### RECORDED DATA ###

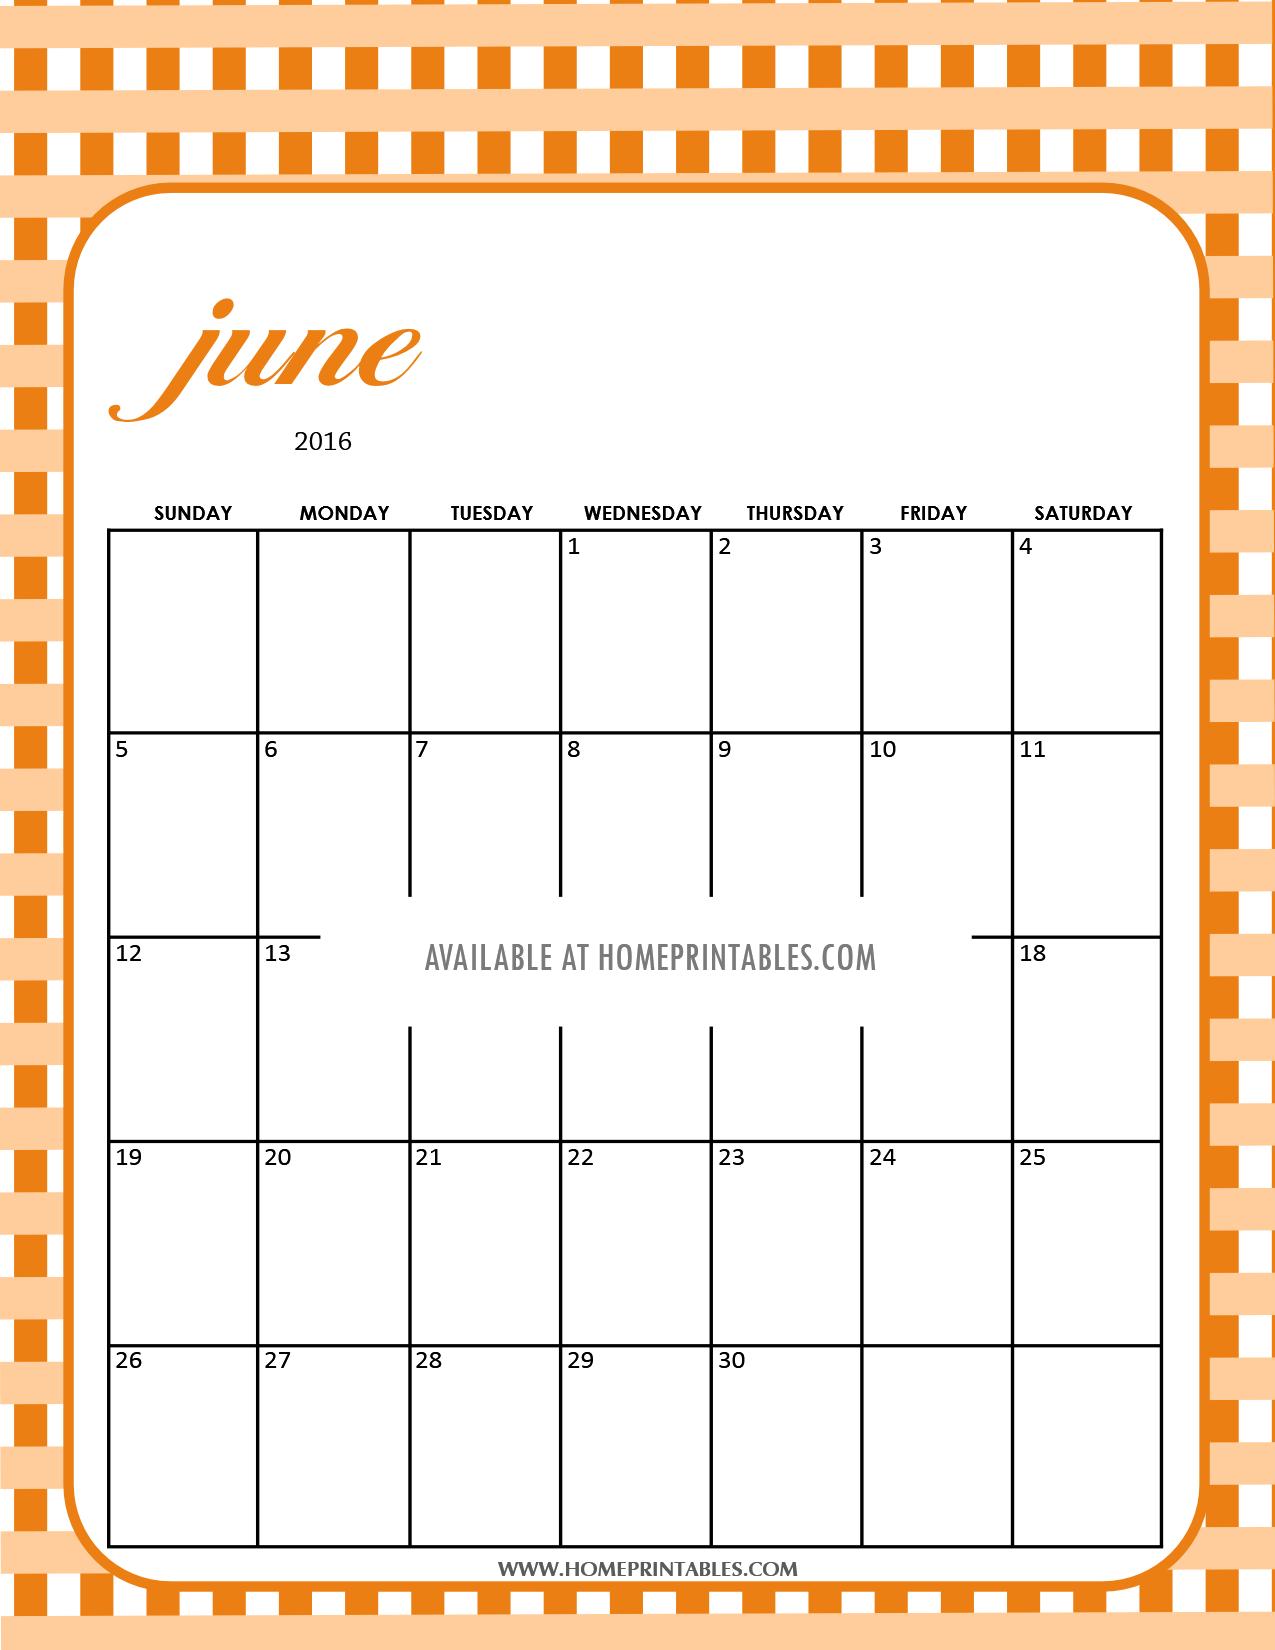 free printable June 2016 calendar plaid background
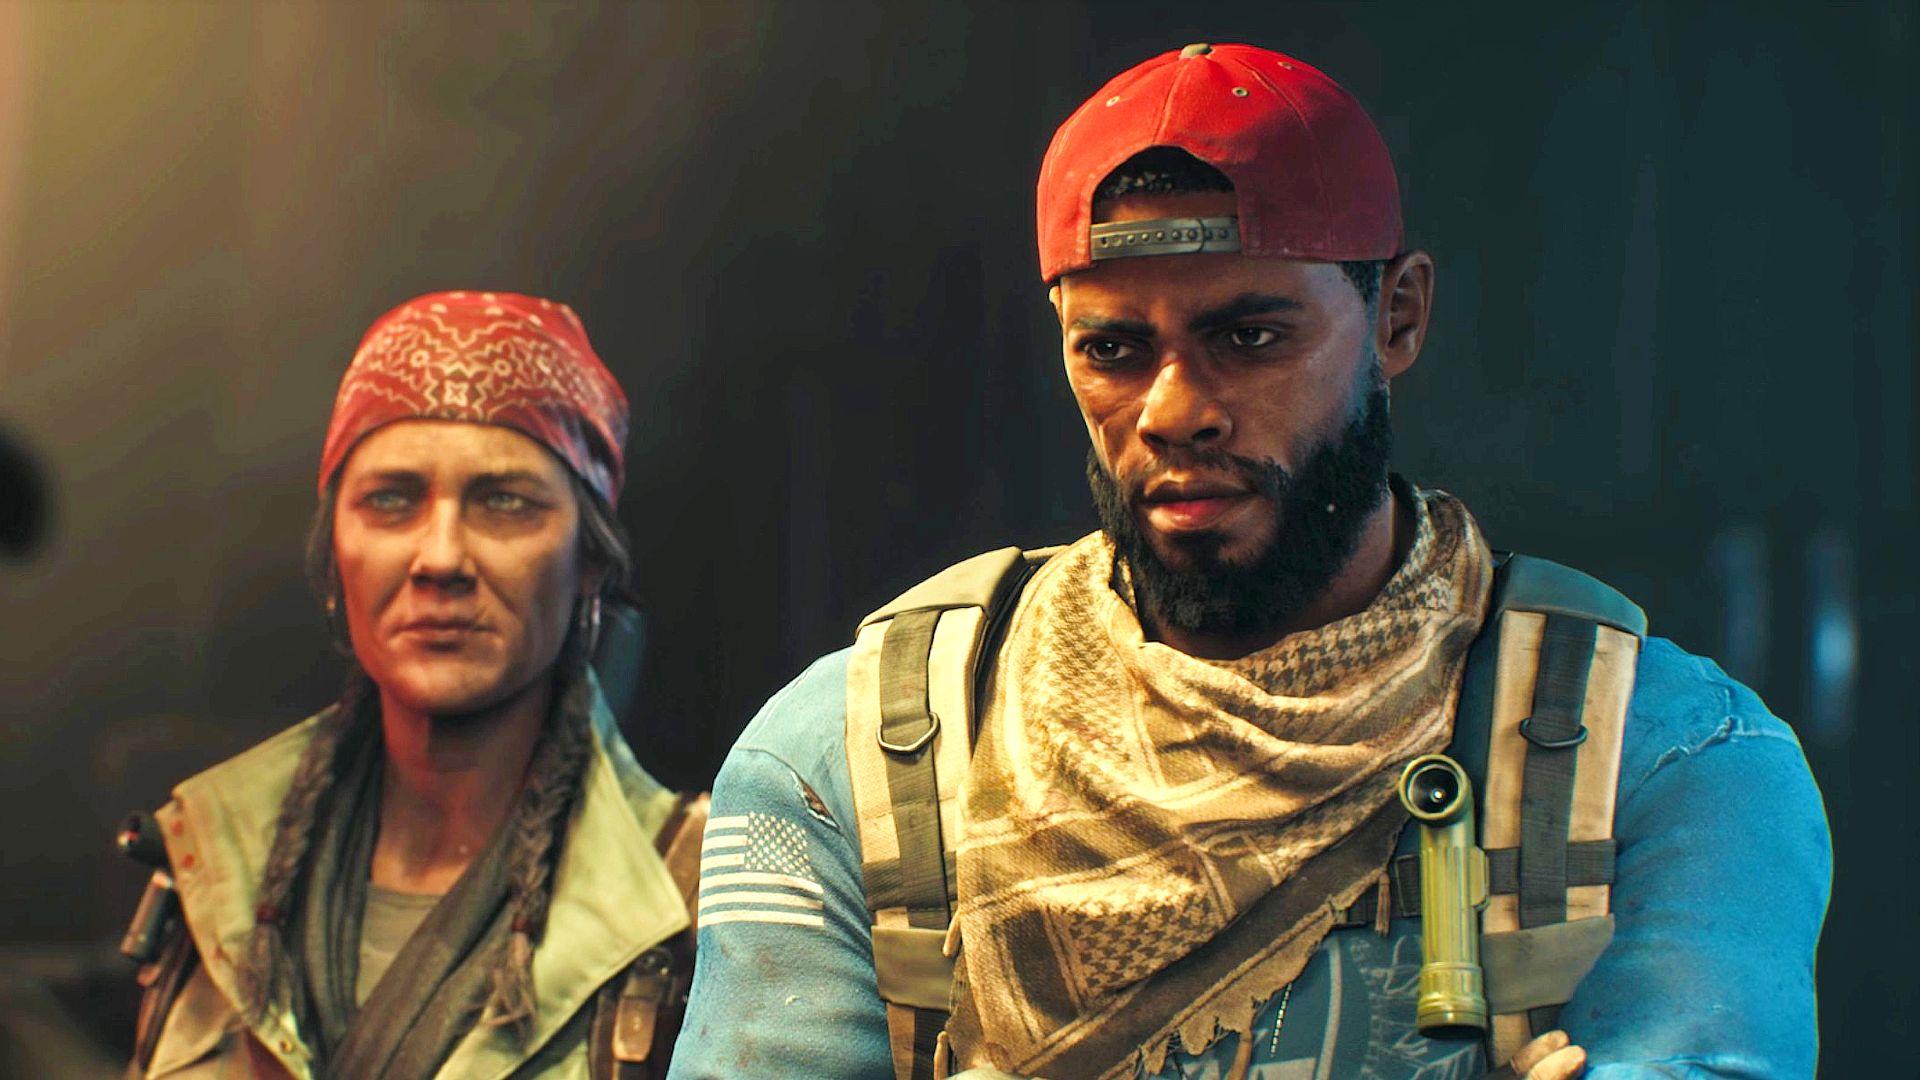 Back 4 Blood hits six million players since launch
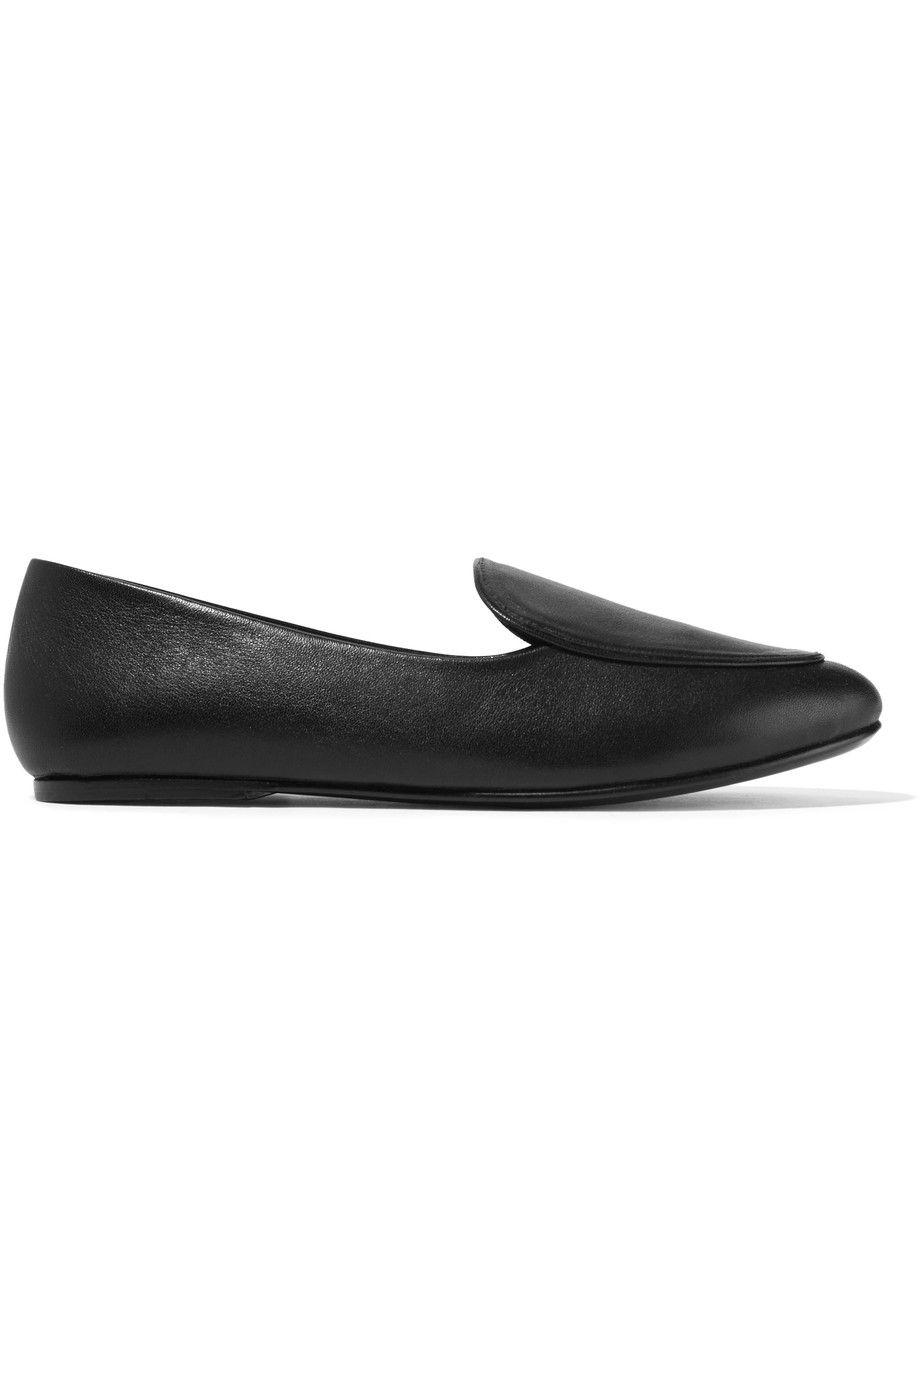 black Liza studded leather loafers Newbark Low Shipping Fee Cheap Online 93i5j7Kw7v
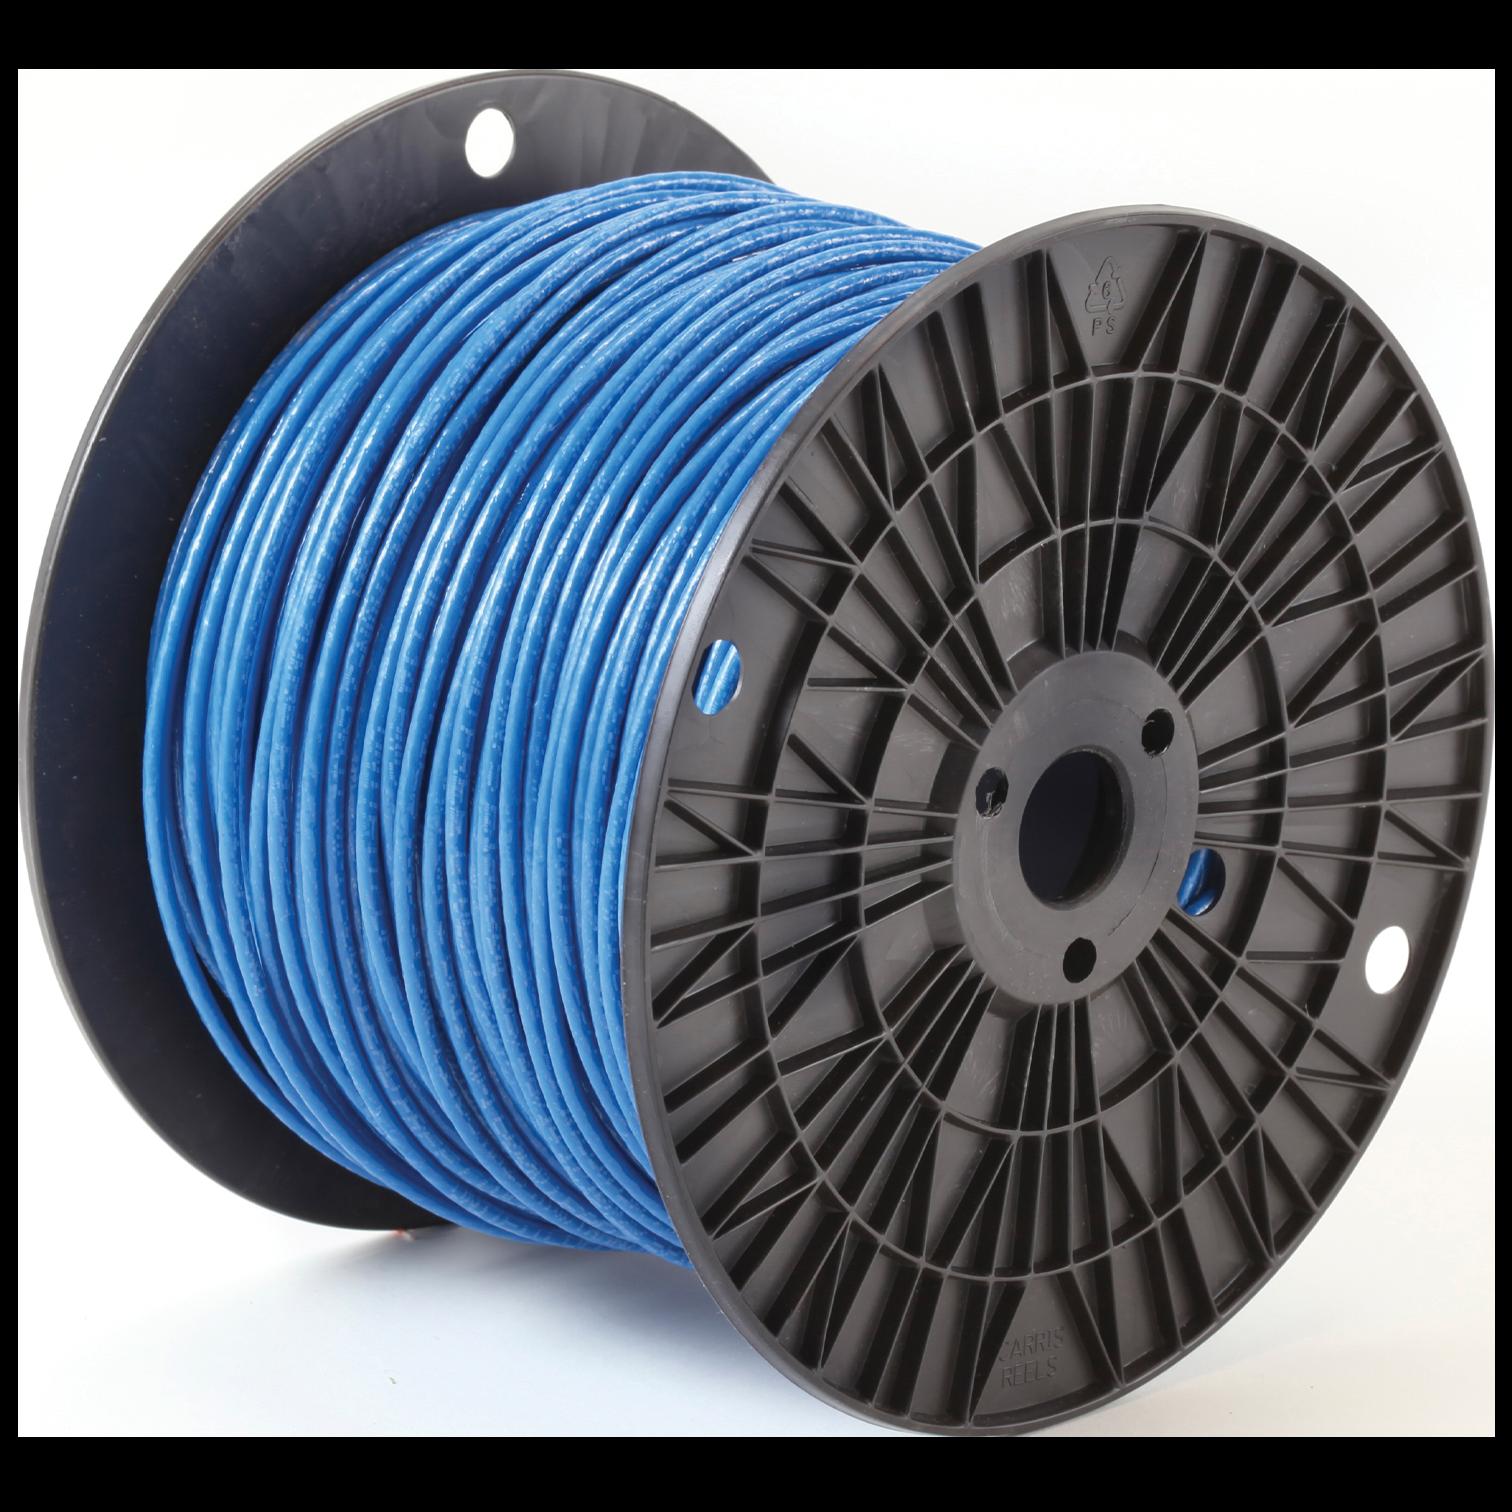 THHN 12 STR BLUE 500/SPL

###

> [EXERCISE]
Please keep every line of the data the same when you reproduce it, and keep every picture out.

> [RESPONSE FOR THIS EXERCISE]
 free printable June 2016 calendar plaid background
 Back 4 Blood hits six million players since launch
 black Liza studded leather loafers Newbark Low Shipping Fee Cheap Online 93i5j7Kw7v
 THHN 12 STR BLUE 500/SPL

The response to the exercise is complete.